Welcome to the Linux Foundation Forum!

LAB 13.3: Adding tools for monitoring and metrics - Metrics API not available after 10+ minutes

I'm hands on with lab 13.3, at step 6 I've done everything with no issues (and I've already check twice every step); but in step 7 after 15 minutes waiting for a different output from the command "kubectl top pod" or "kubectl top nodes", I'm still getting the same:

error: Metrics API not available

Can anybody help me telling me if there is something missing in instructions?

Thank you in advance.

Comments

  • Hi @juanalmaraz,

    From your metrics-server deployment, can you provide the code snippet representing the container args and the image, similar to the snippet shown in Lab 13.3 step 5 of the lab guide? Typically typos in this section can cause issues with the metrics-server.

    Regards,
    -Chris

  • @chrispokorni I've got the same problem. This is the kubectl -n kube-system describe deployment metrics-server :

    Containers:
       metrics-server:
        Image:      k8s.gcr.io/metrics-server/metrics-server:v0.3.7
        Port:       4443/TCP
        Host Port:  0/TCP
        Args:
          --cert-dir=/tmp
          --secure-port=4443
          --kubelet-insecure-tls
          --kubelet-preferred-address-types=InternalIP,ExternalIP,Hostname
    
  • Hi @zmicier0k,

    Since Kubernetes release v1.22 the metrics-server v0.3.x may no longer be compatible with latest releases.

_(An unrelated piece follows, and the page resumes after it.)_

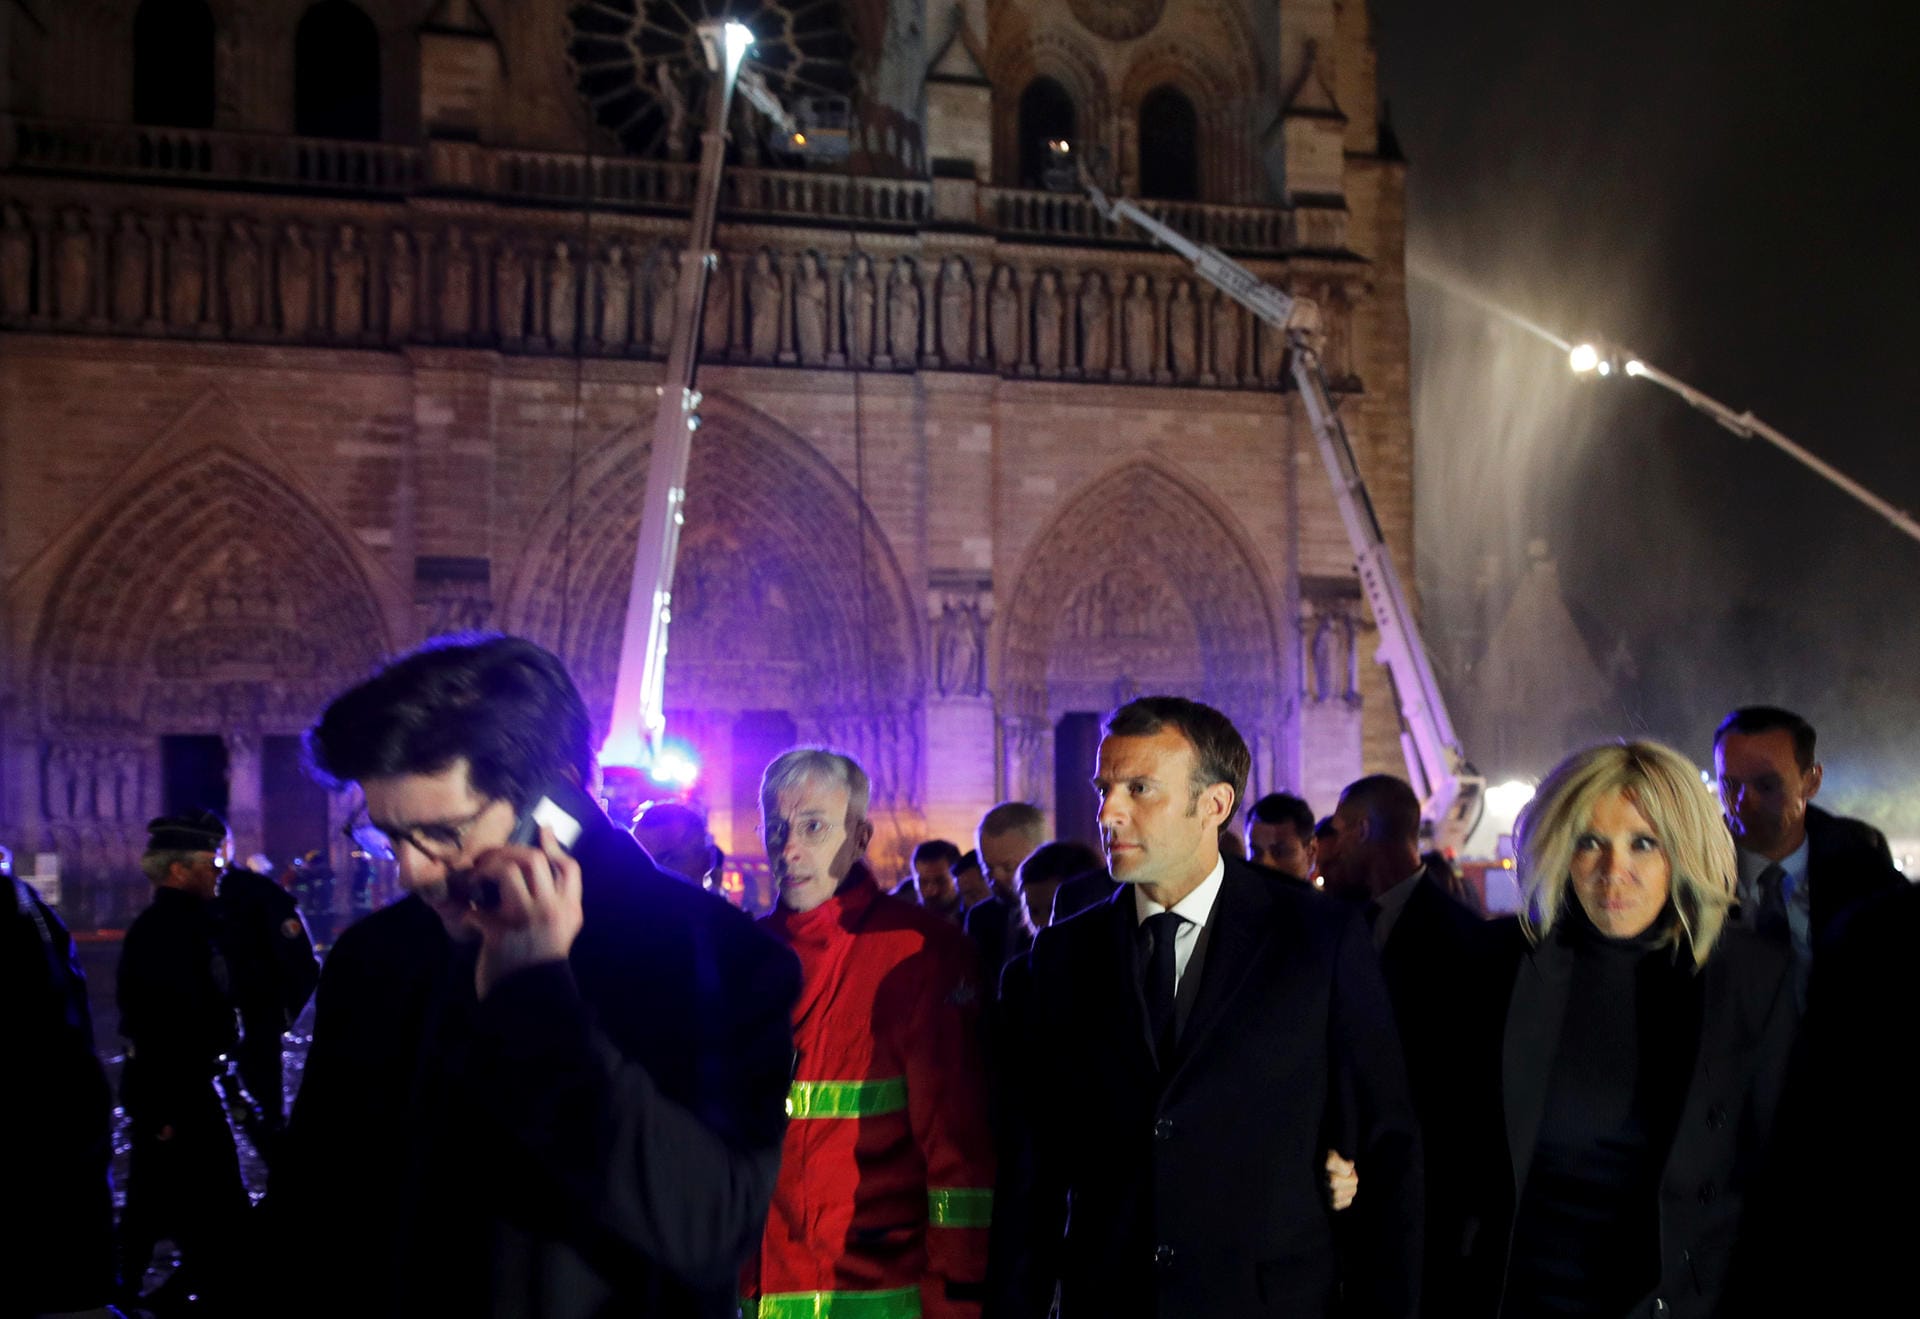 Frankreichs Präsident Emmanuel Macron hat bereits angekündigt, die Kirche in jedem Fall wieder aufbauen zu lassen. Das erwarte das Land, das verdiene es auch, sagte er.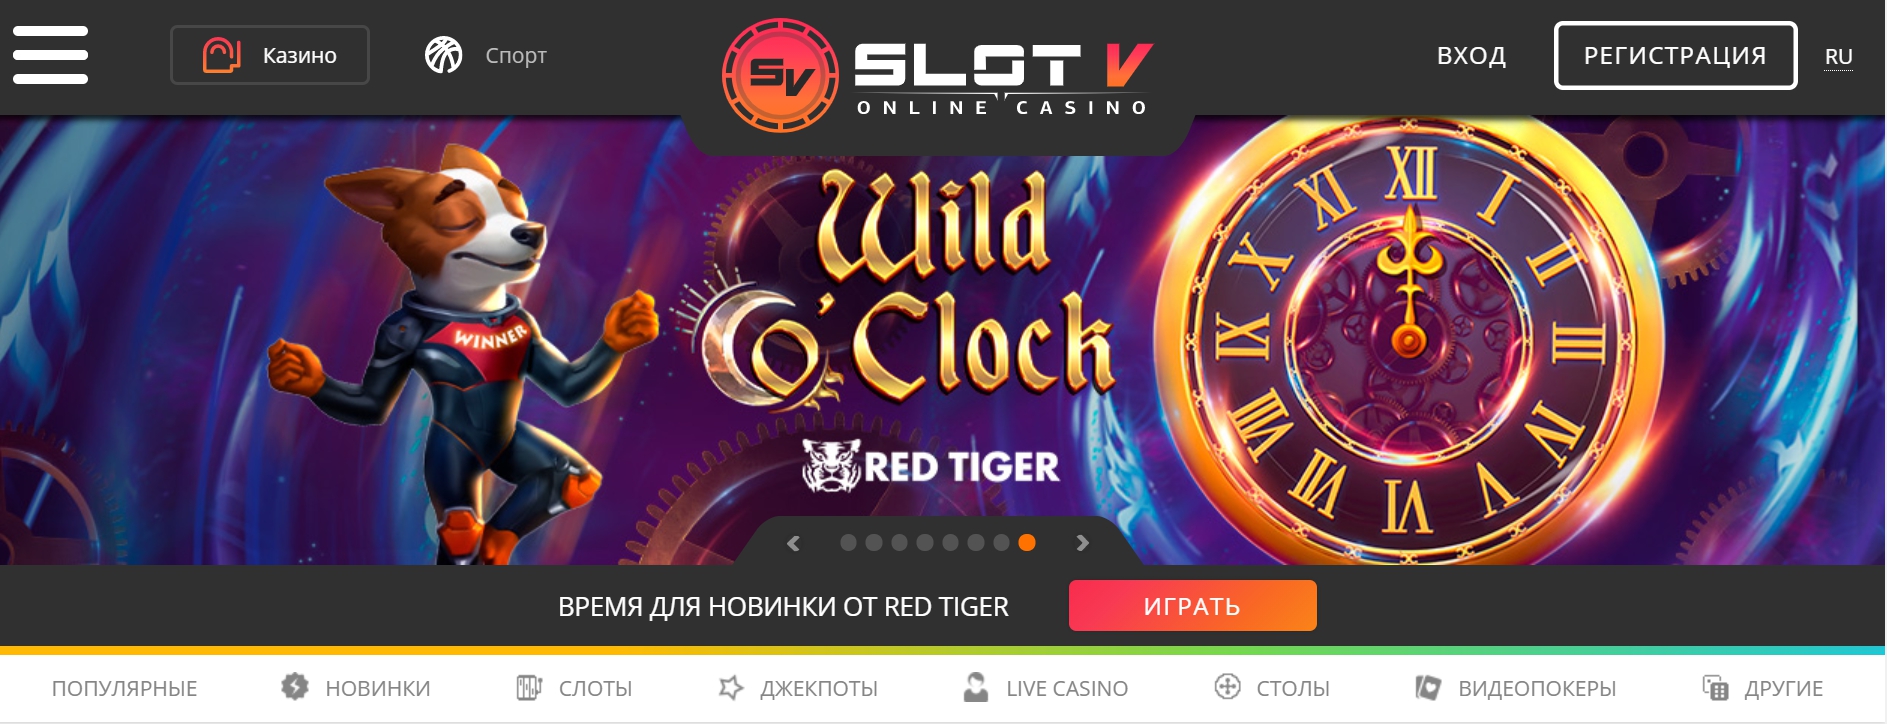 SlotV казино зеркало - Букмекерские конторы онлайн

I would suggest installing the latest metrics-server release v0.6.x and at step 5 provide the following arguments when editing the metrics-server Deployment resource:

    - --kubelet-insecure-tls
    - --kubelet-preferred-address-types=Hostname,InternalDNS,InternalIP,ExternalDNS,ExternalIP
    

    Regards,
    -Chris

  • lzambra
    lzambra Posts: 6

    Hi @chrispokorni I am facing the same issue, after reading the documentation I am not sure If I have to add an additional node, still not working for me even applying the new version.

  • chrispokorni
    chrispokorni Posts: 2,155

    Hi @lzambra,

    Please ensure that the metrics-server (latest release) installation command from step 3 runs successfully and all necessary artifacts are created. The following step 4 should display the metrics-server pod in a running state. If the metrics-server pod is not listed, the previous step may have failed.
    Once the pod is visible, only then proceed to step 5 and edit the metrics-server deployment, as described in the lab guide and my comment above.

    These steps should ensure the installation and proper configuration of your metrics-server deployment.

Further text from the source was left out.